Required action:
Copy down the listing below exactly. Do not include pictures.

Collected material:
++++++++++++++++++++

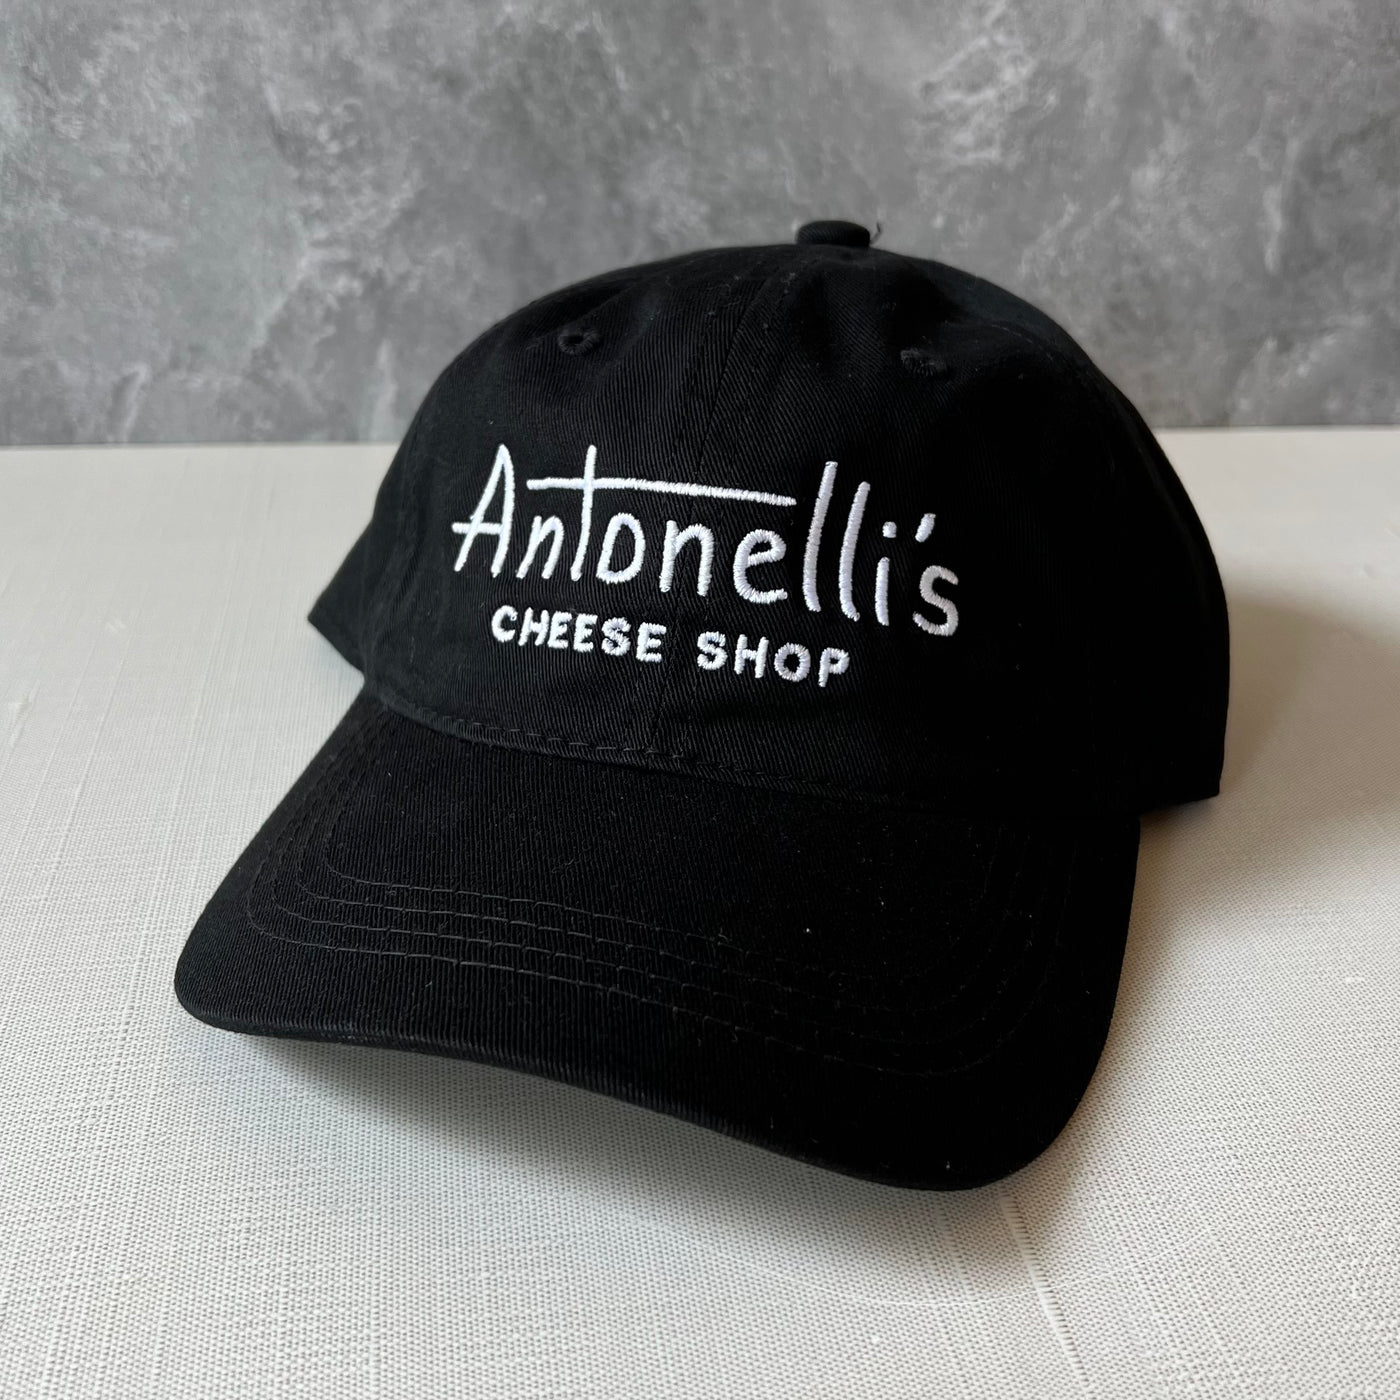 Black hat with "Antonelli's Cheese Shop" logo
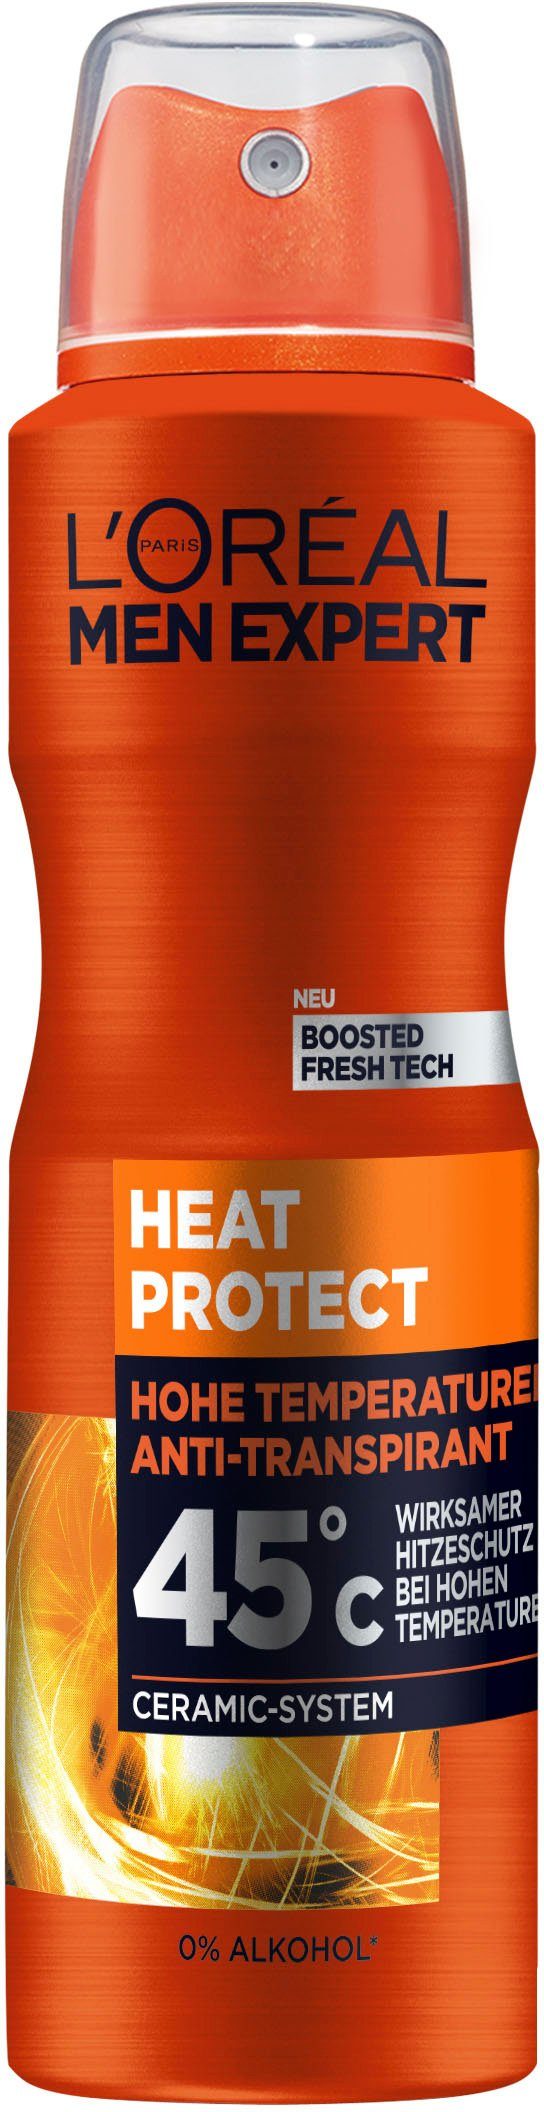 Protect 6-tlg. 45°C, Deo Packung, PARIS Heat Spray MEN L'ORÉAL Deo-Spray EXPERT
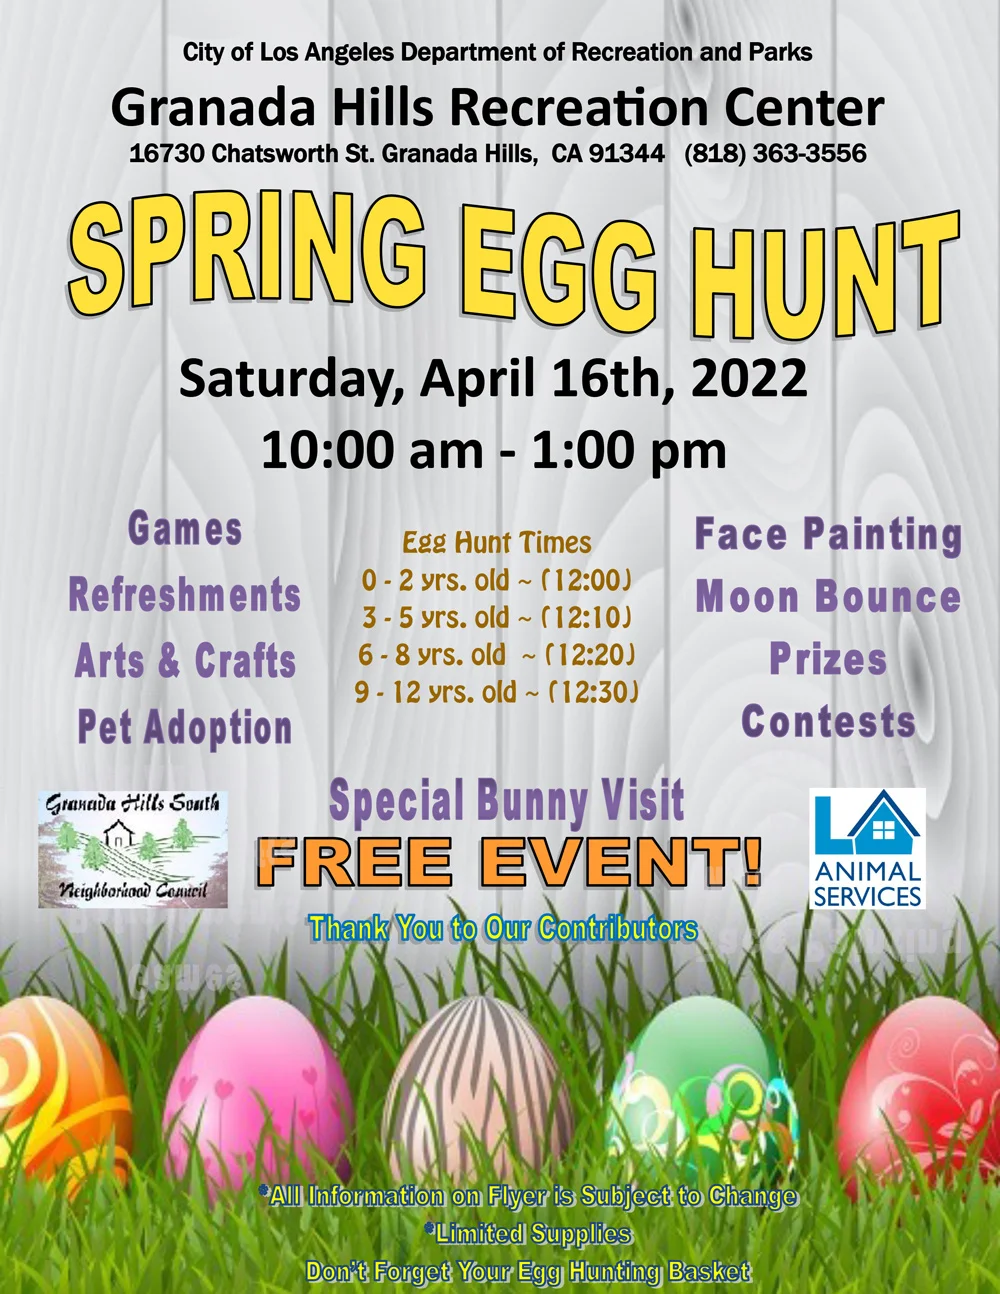 Spring Egg Hunt – Saturday, April 16 at Granada Hills Recreation Center

++++++++++++++++++++

Exercise result:
 Black hat with "Antonelli's Cheese Shop" logo
 Protect 6-tlg. 45°C, Deo Packung, PARIS Heat Spray MEN L'ORÉAL Deo-Spray EXPERT
 Spring Egg Hunt – Saturday, April 16 at Granada Hills Recreation Center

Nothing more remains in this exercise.